The heart will also benefit from the folate in oranges, and the spongy inner layer of fresh oranges provides energy-sustaining fibre.
Need help managing your food intake? Download an app like “athleats” from the Itunes store, a mobile app that tracks everything you need to know about your nutrition and takes the guesswork out of energy calculations.
Chicken pesto pasta
200 grams whole wheat pasta
1/2 cup reserved pasta water
1/2 lb. fresh green beans, ends trimmed
2 cups grilled chicken breast, skinless
1/2 cup basil pesto sauce
Parmesan cheese, shaved
Cracked black pepper
1. Cook pasta according to package
directions. Drain and reserve 1/2 cup pasta water.
2. Meanwhile, place green beans in a shallow pan with enough water to cover them, and steam over medium heat for 15 minutes. Drain.
3. Cut chicken into bite-sized pieces.
4. Combine pasta, pesto, water, chicken and green beans in a large bowl and stir to combine
5. Finish with shaved Parmesan cheese and pepper
Soba noodle salad
200 grams Japanese soba noodles
1/4 cup rice vinegar
2 Tablespoon low-sodium soy sauce (try Kikkoman tamari)
2 teaspoon peeled, minced fresh ginger
1 Tablespoon Chinese sesame oil
1 medium cucumber, sliced
1 medium carrot, shredded
4 green spring onions, sliced
1 Tablespoon toasted white sesame seeds
1. Cook soba noodles according to package directions. Drain and rinse under cool water.
2. Meanwhile, whisk together vinegar, soy sauce, ginger and sesame oil to form a sauce.
3. In a large bowl, add noodles, cucumber, carrot and sauce, stirring to coat.
4. Sprinkle green onions and sesame seeds on top
Brown rice, feta & prawn salad
4 cups cooked brown rice
500 grams prawns, cooked
1 cup fresh firm tomatoes, diced
1/4 cup chopped basil
1 Tablespoon virgin olive or coconut oil
1 Tablespoon lemon juice
lemon zest
Salt and pepper to taste
ΒΌ cup feta cheese, crumbled
1. Prepare rice and prawns
2. Combine with tomatoes, cheese, basil, olive oil and lemon juice in a large bowl and stir to combine.

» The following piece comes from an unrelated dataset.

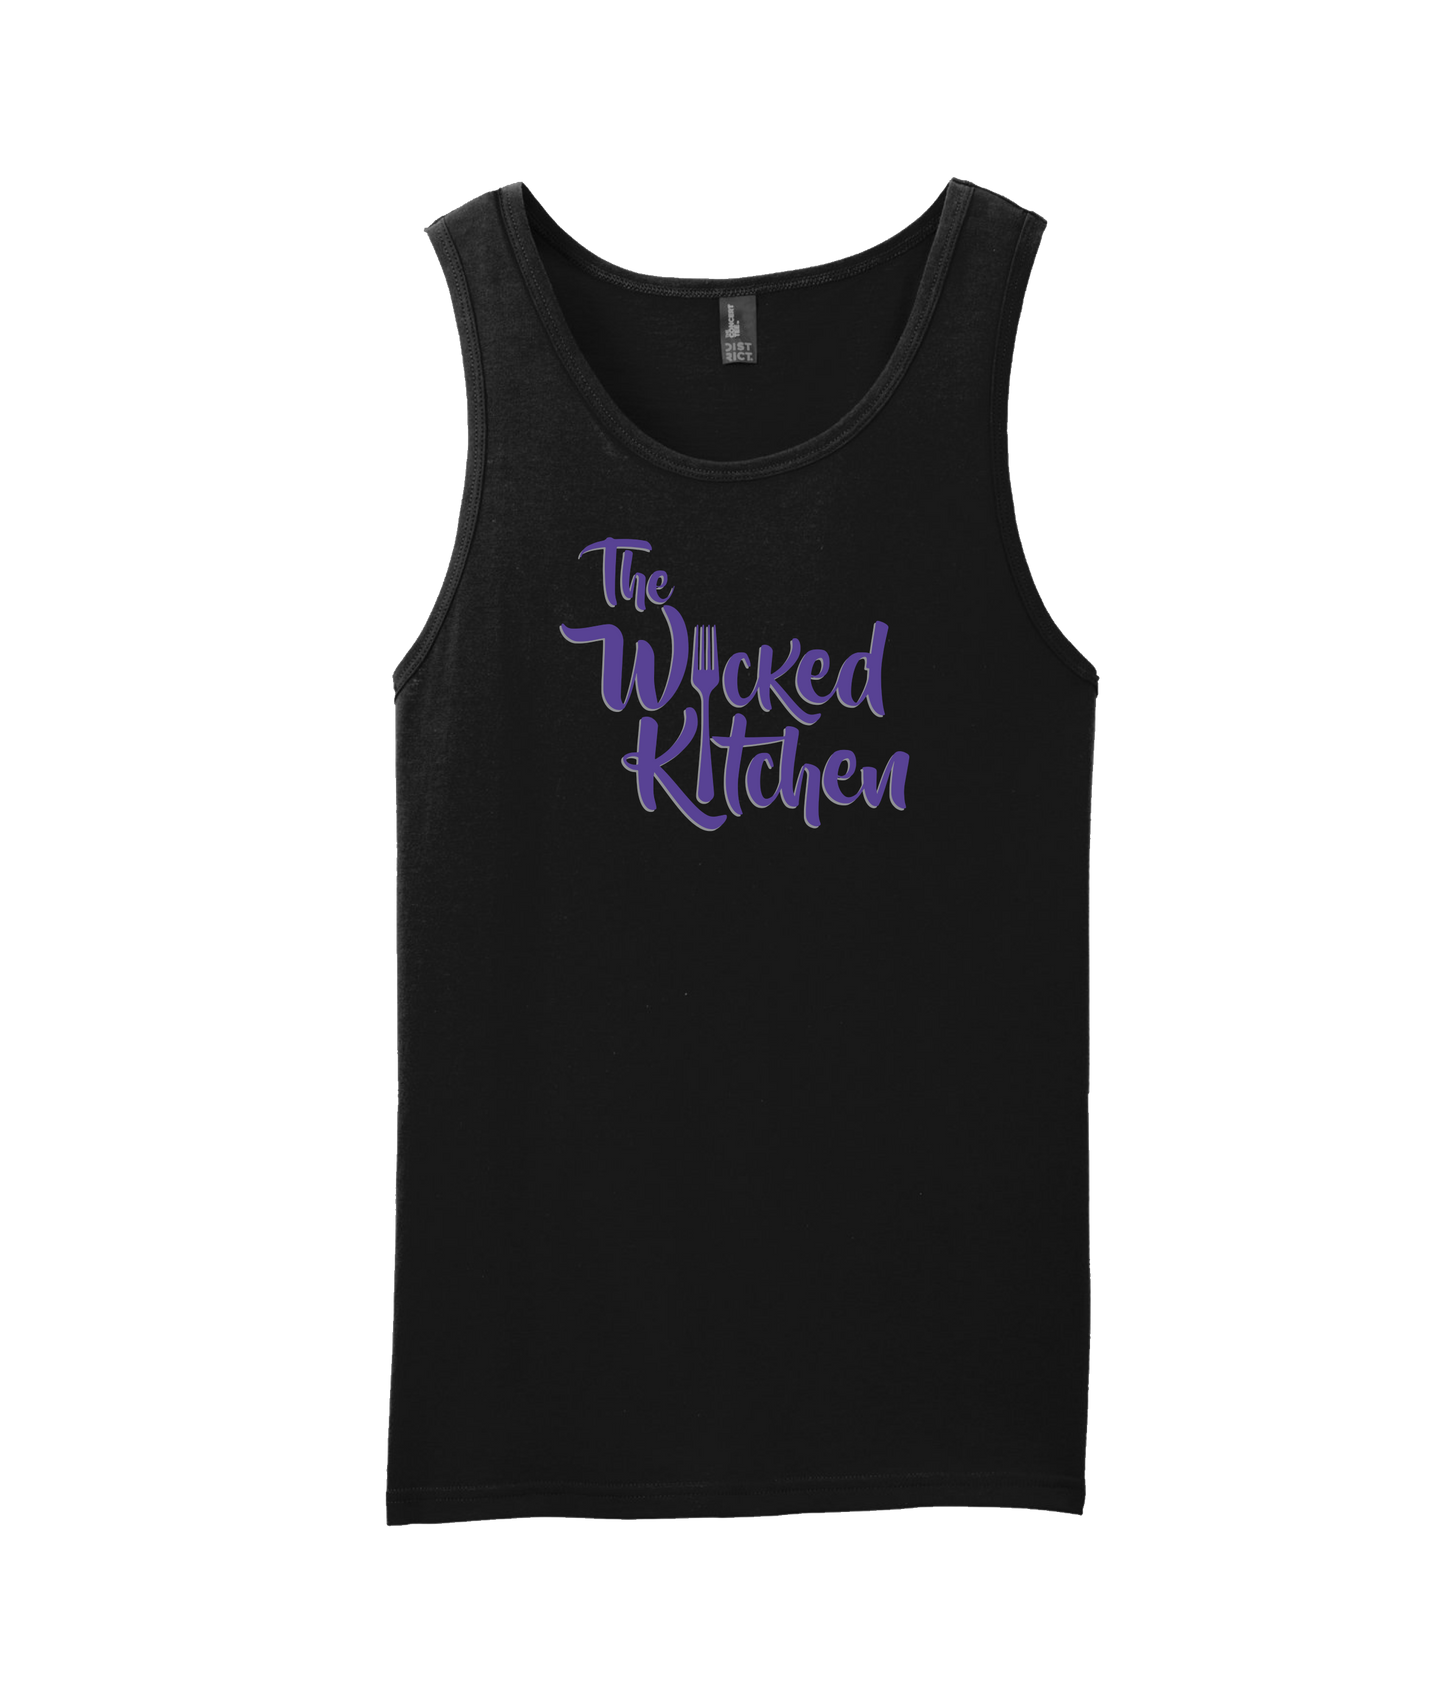 The Wicked Kitchen - 2 Sided Forks - Black Tank Top

3. Season with salt and pepper to taste.
Asian beef noodles
200 gams rice, soba or udon thick noodles
200 grams lean beef steak, cut into thin strips
150 grams French or long beans, ends trimmed
1/2 cup teriyaki stir-fry sauce
Virgin olive or coconut oil
1. Prepare rice noodles according to package directions. Drain.
2. Coat a nonstick wok or saute pan with a touch of oil. Saute steak 5-8 minutes over medium heat, until just cooked, seasoning with salt and pepper. Remove from pan.
3. Saute beans 3-5 minutes, or until slightly brown on the edges; they should still be crunchy.
4. Add steak, noodles and teriyaki sauce to pan and cook another minute to heat through.